(PROVIDED DATA begins)
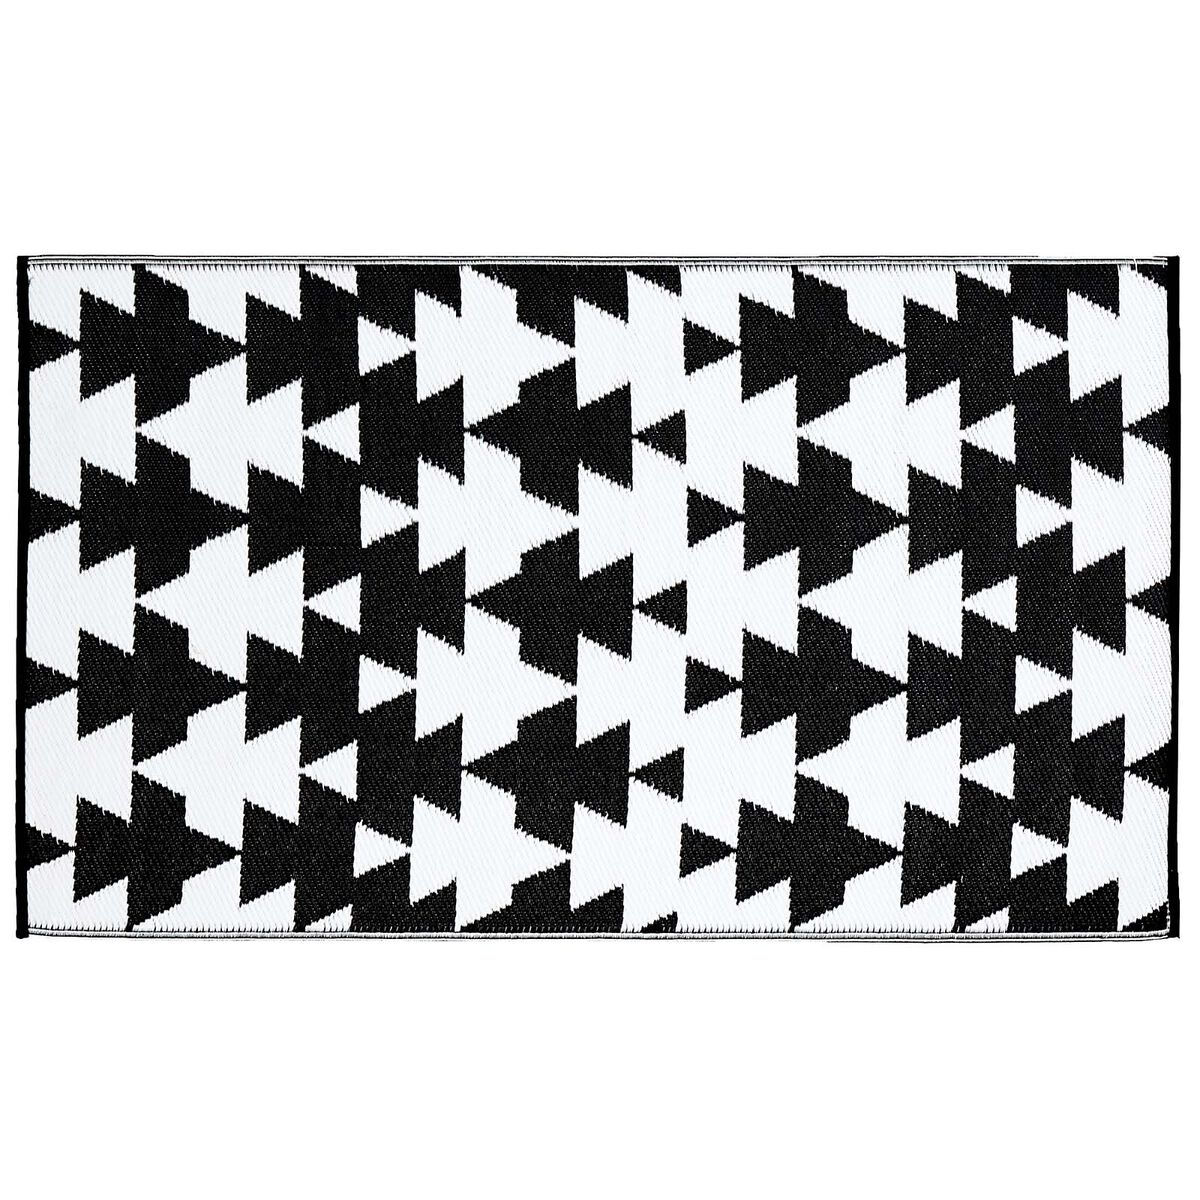 outdoor teppich grafik ca b 90cm x l 150cm schwarz wei depot de. Black Bedroom Furniture Sets. Home Design Ideas
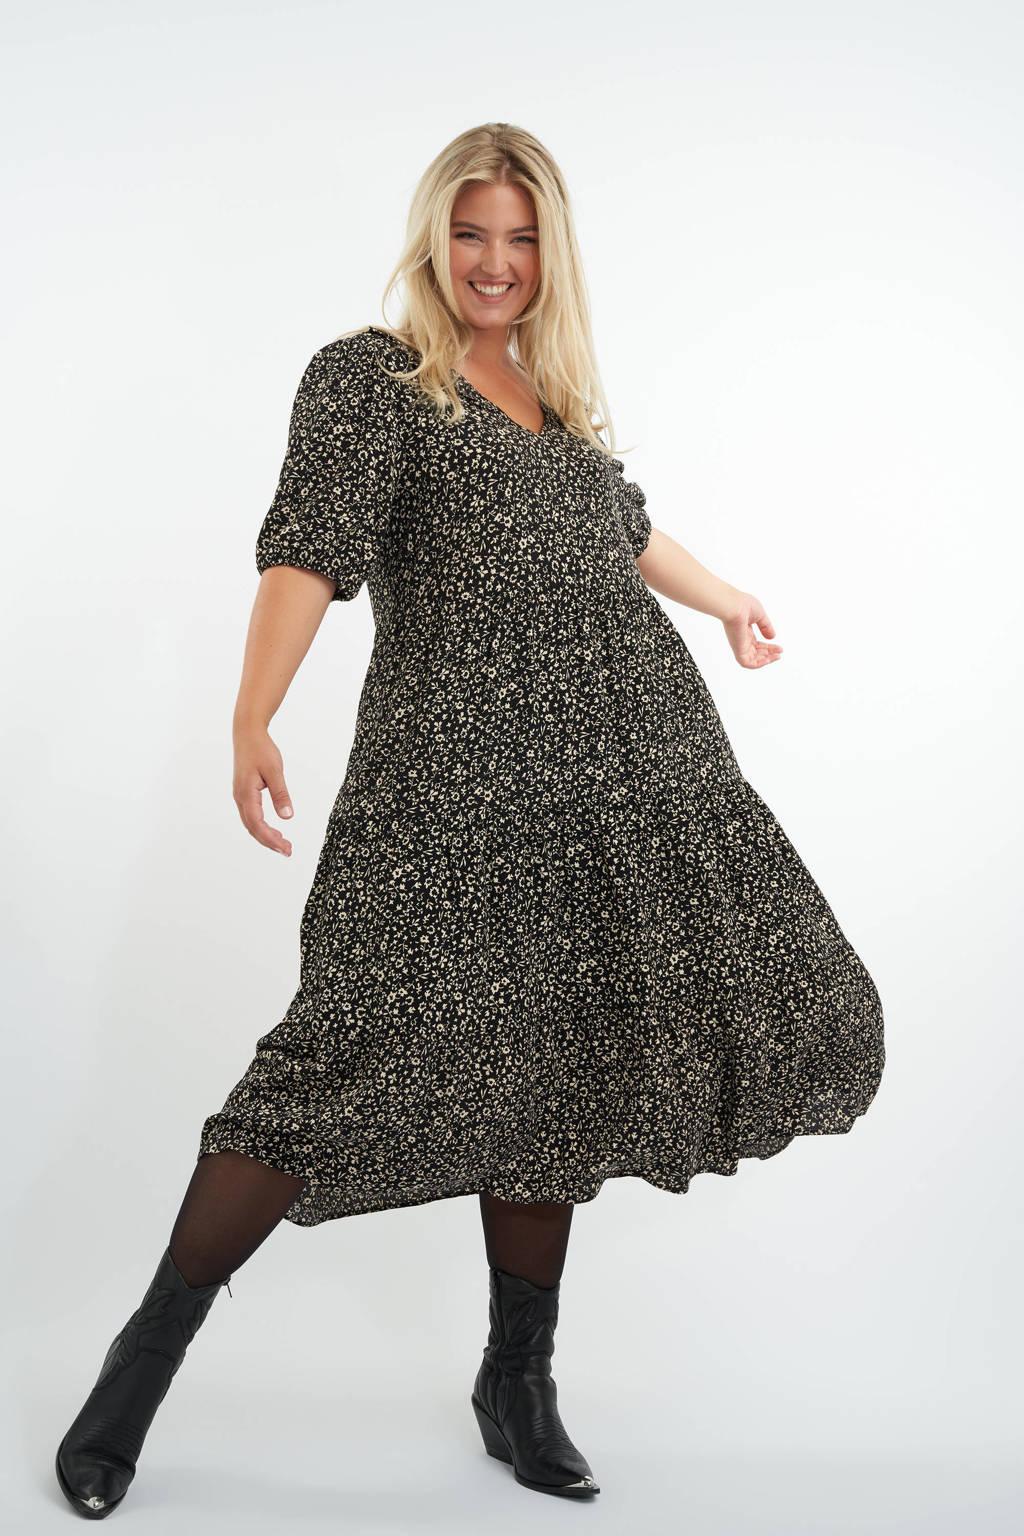 MS Mode A-lijn jurk met all over print en plooien zwart/ecru, Zwart/ecru
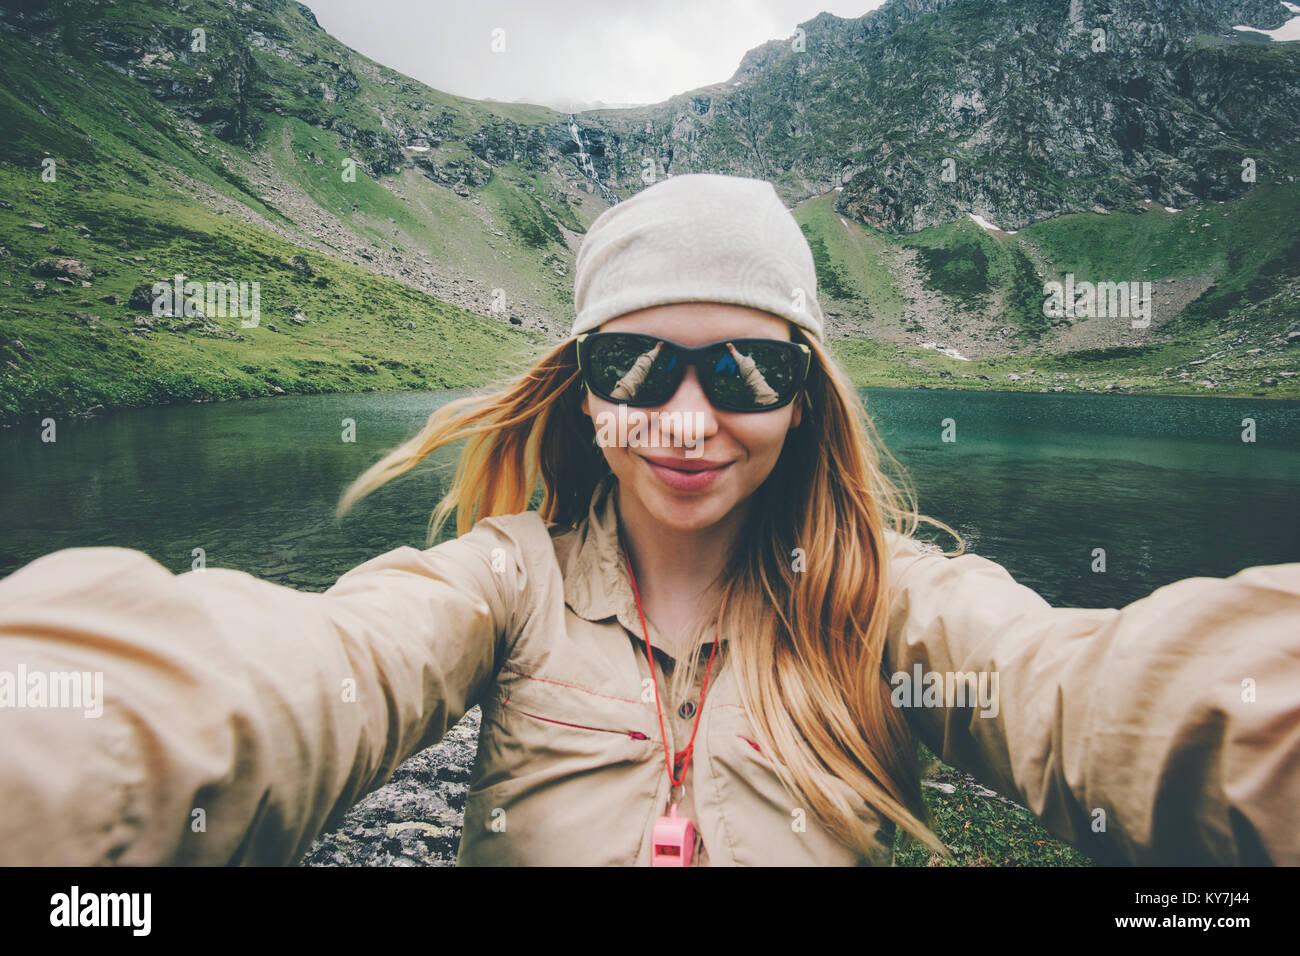 Woman traveler en tenant la randonnée en montagne selfies Vie Voyage adventure concept active summer vacations Photo Stock
(PROVIDED DATA ends)
Each line of the data above must be reproduced as written. Skip the pictures.

 outdoor teppich grafik ca b 90cm x l 150cm schwarz wei depot de. Black Bedroom Furniture Sets. Home Design Ideas
 MS Mode A-lijn jurk met all over print en plooien zwart/ecru, Zwart/ecru
 Woman traveler en tenant la randonnée en montagne selfies Vie Voyage adventure concept active summer vacations Photo Stock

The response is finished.